## Goal of the exercise
Every line below should be copied exactly; drop the pictures.

## Given data
◆ ◆ ◆

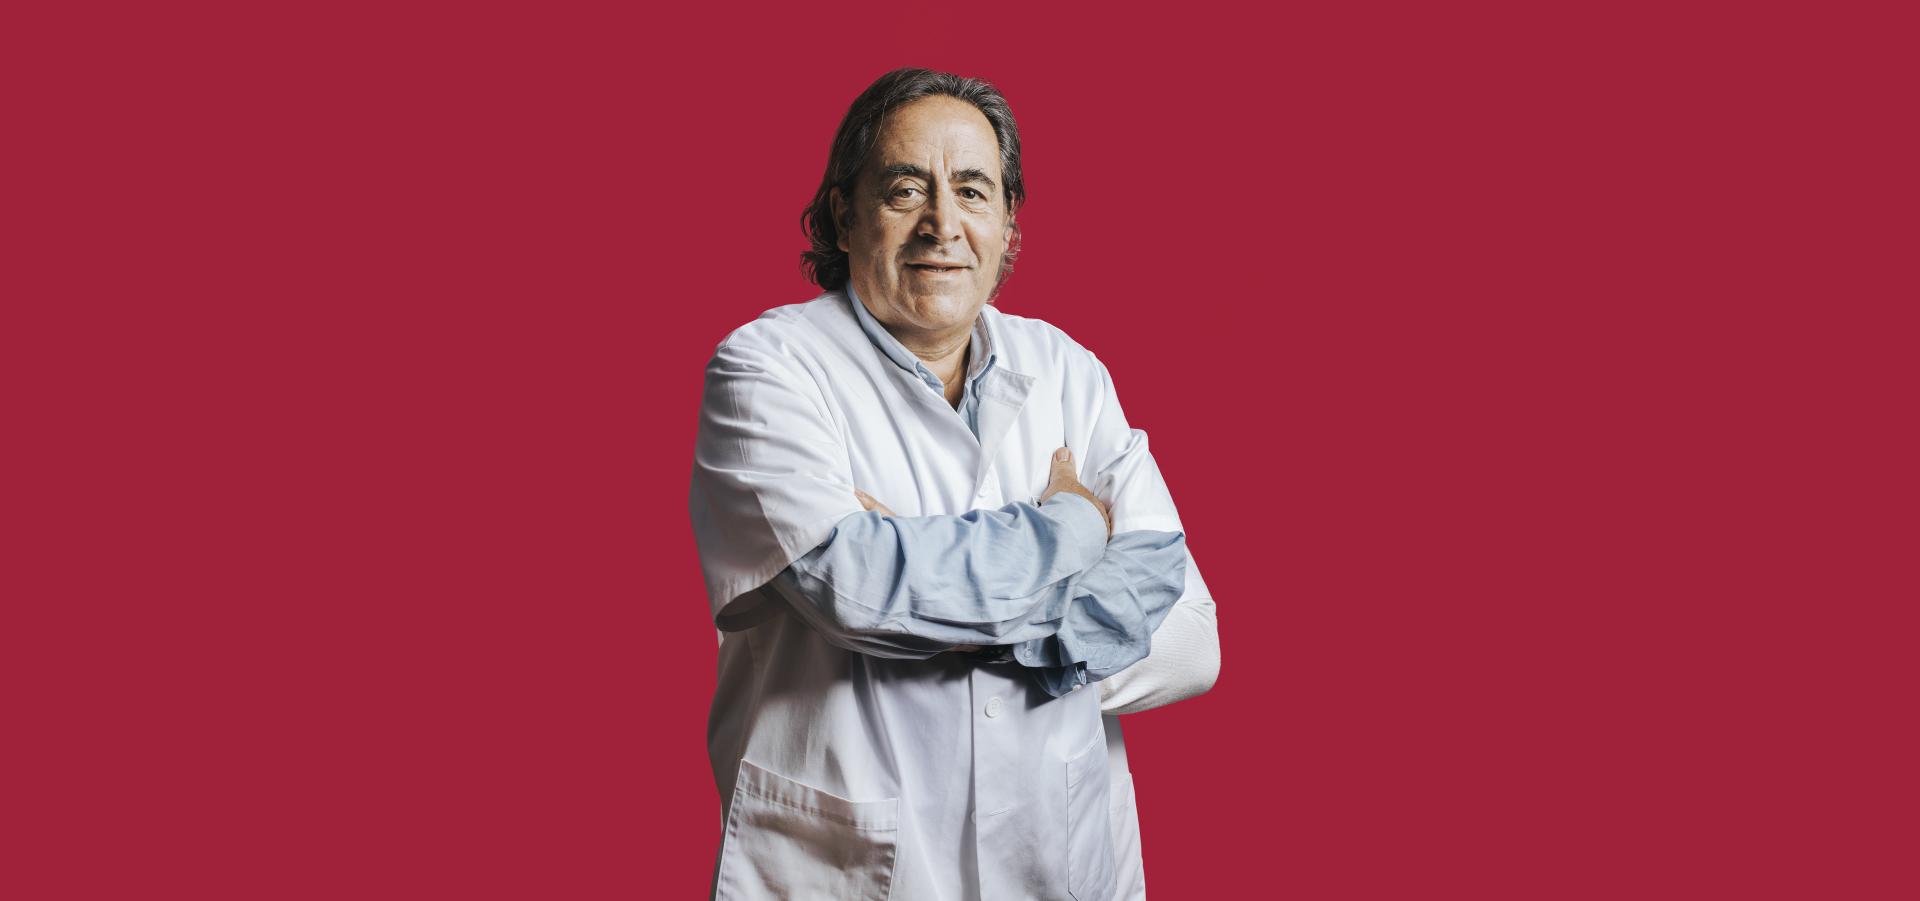 Dr. Francisco Benítez Martín
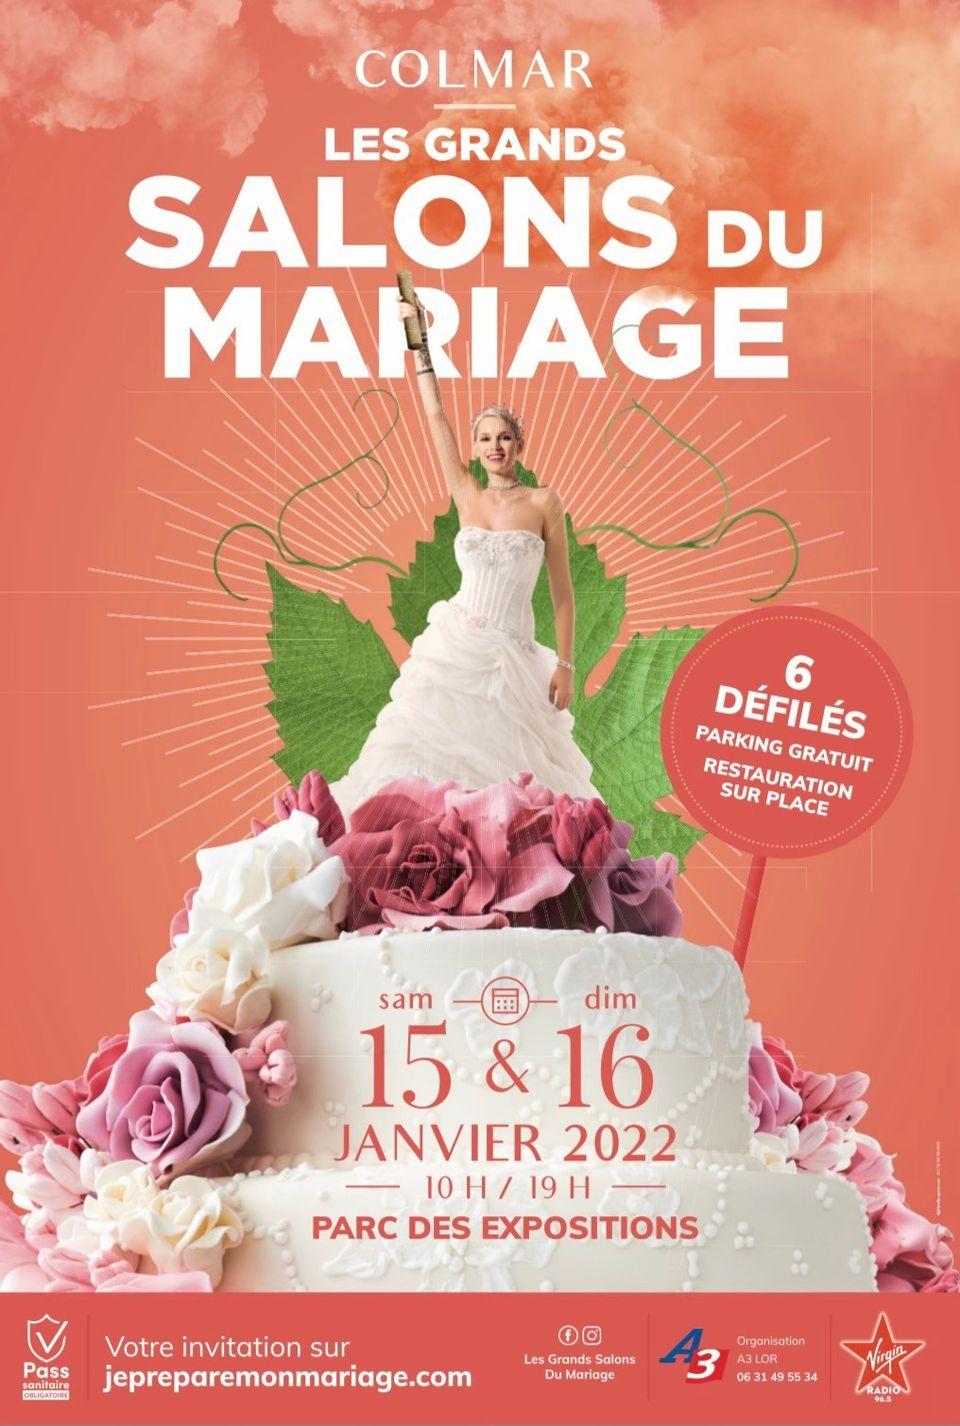 Le Salon du Mariage Colmar 15 et 16 Janvier 2022
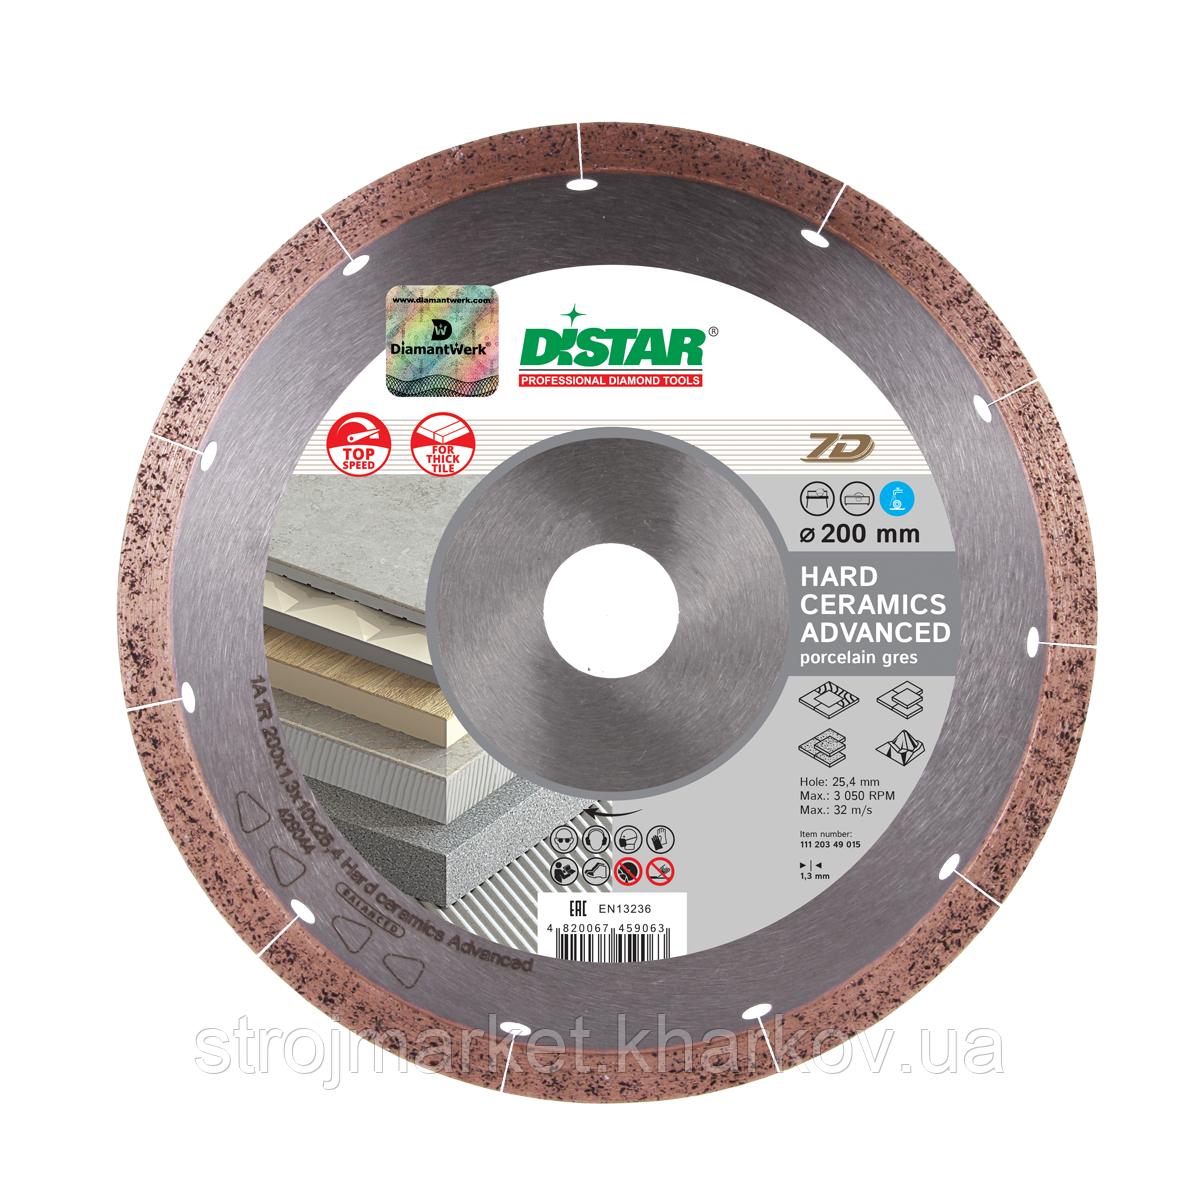 Алмазный диск Hard ceramics Advanced 200мм ТМ DISTAR
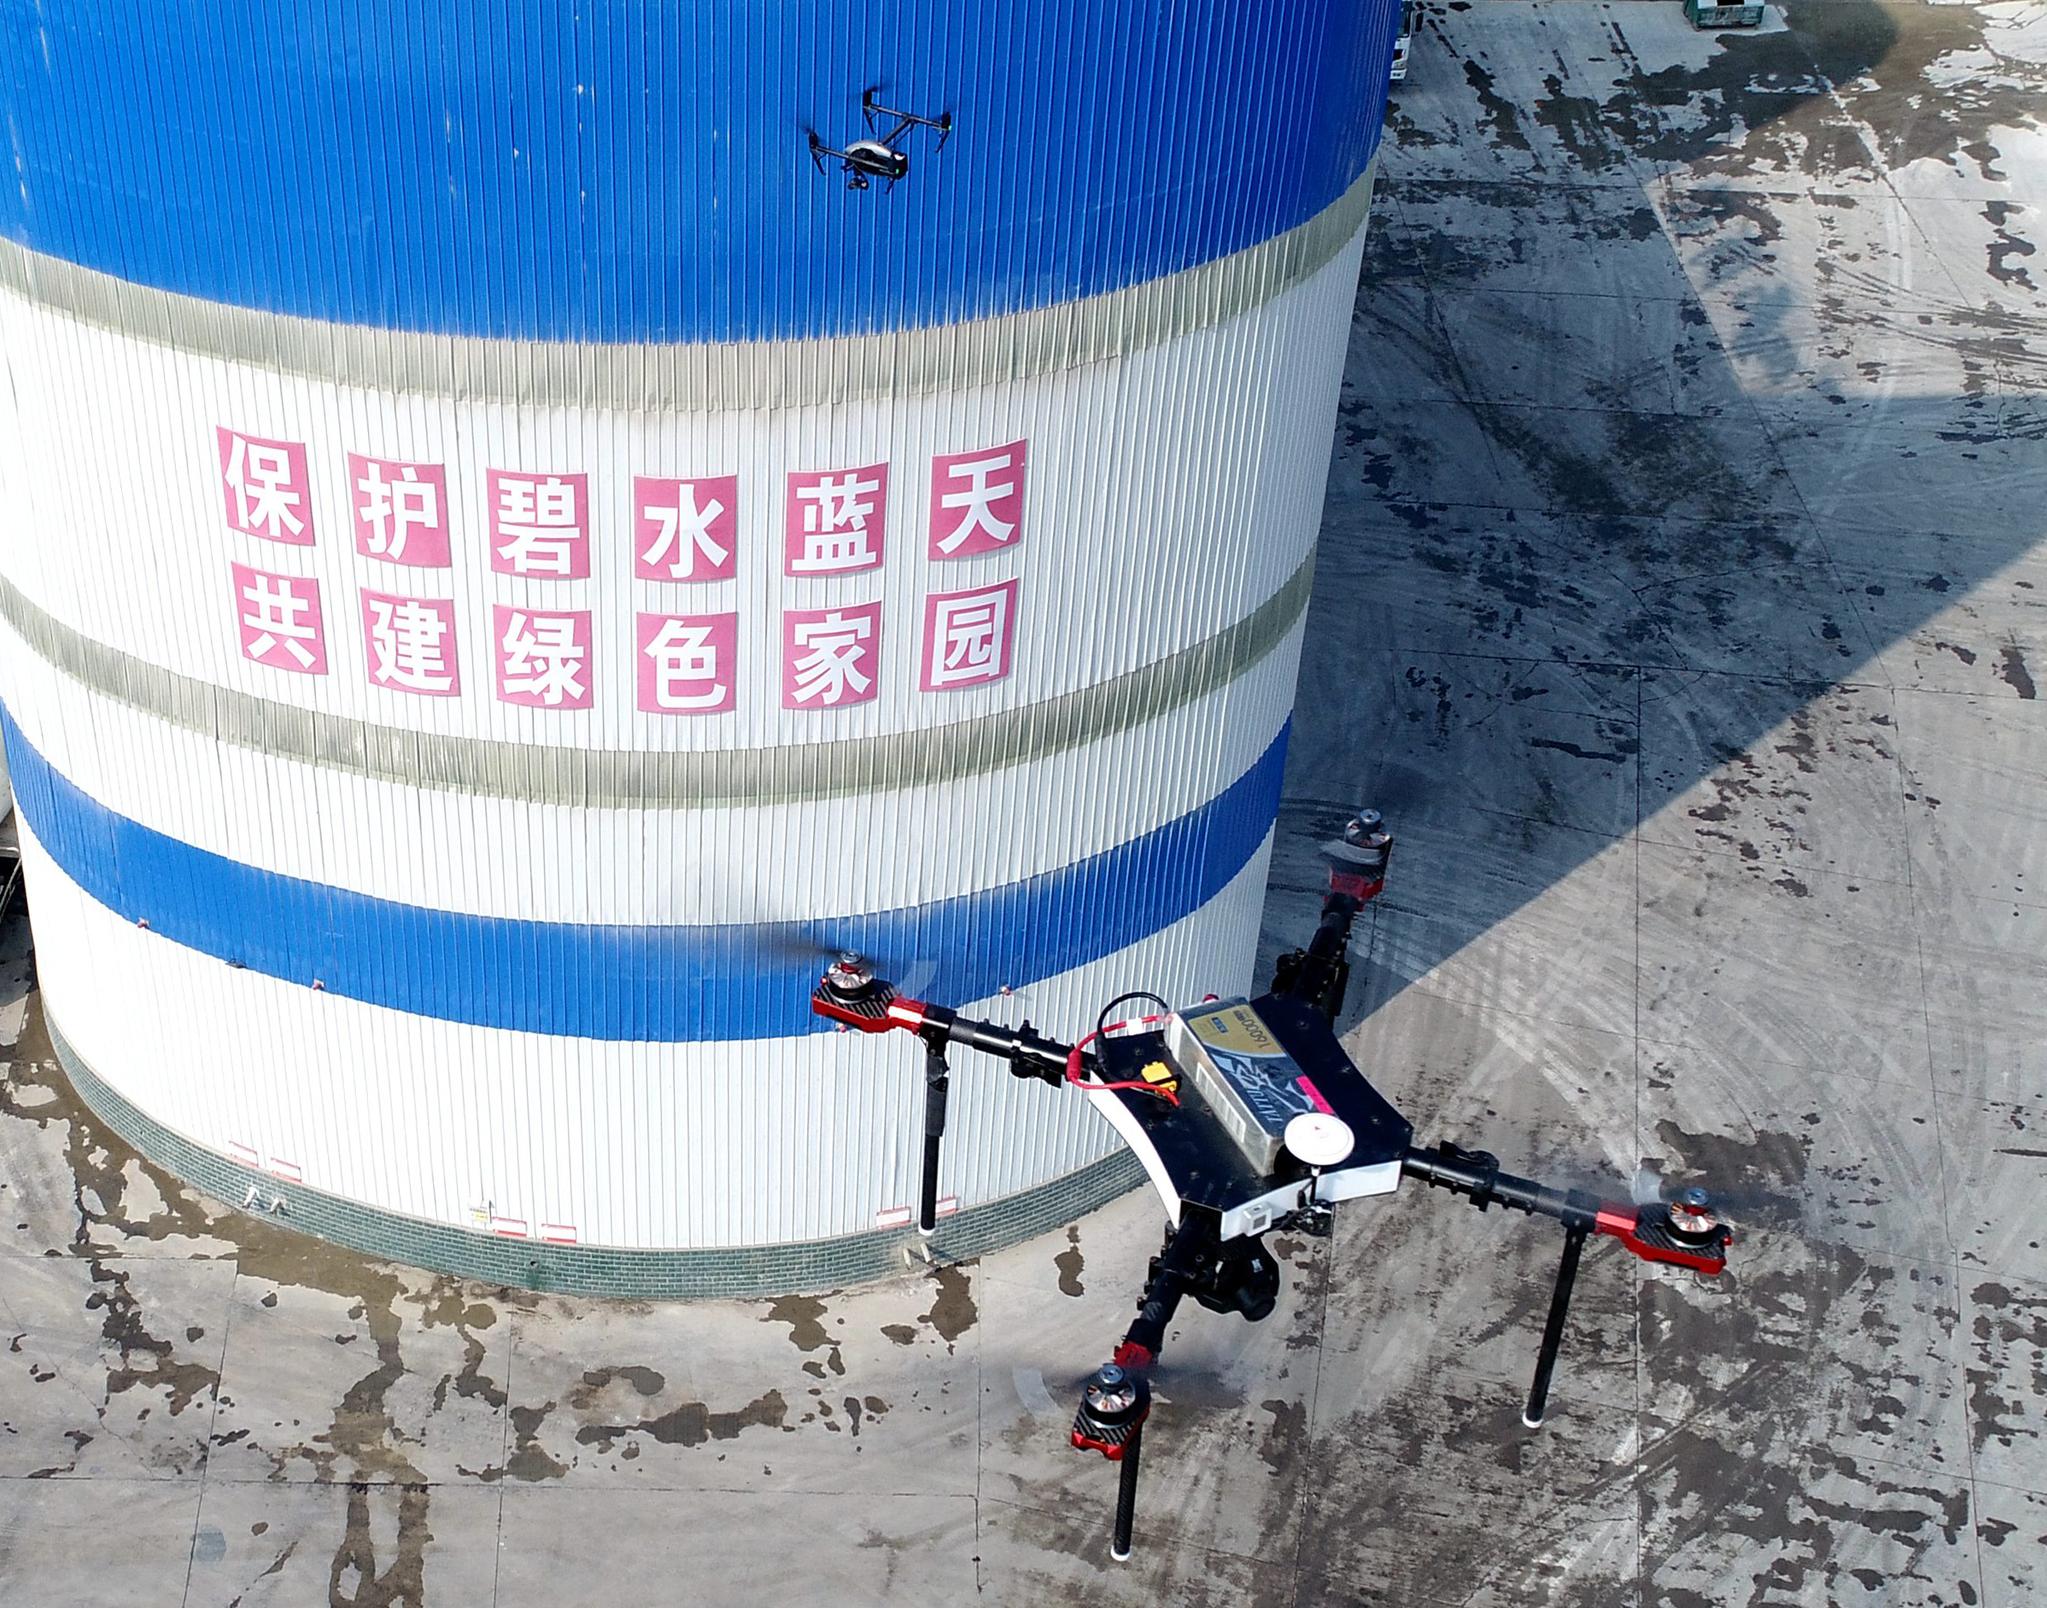 2018년 11월 중국 허베이성 웨이셴현에 있는 한 회사 상공에서 드론이 대기질을 감시하고 있다. [신화=연합뉴스]

◆ ◆ ◆

## Result below
 Dr. Francisco Benítez Martín
 Le Salon du Mariage Colmar 15 et 16 Janvier 2022
 Алмазный диск Hard ceramics Advanced 200мм ТМ DISTAR
 2018년 11월 중국 허베이성 웨이셴현에 있는 한 회사 상공에서 드론이 대기질을 감시하고 있다. [신화=연합뉴스]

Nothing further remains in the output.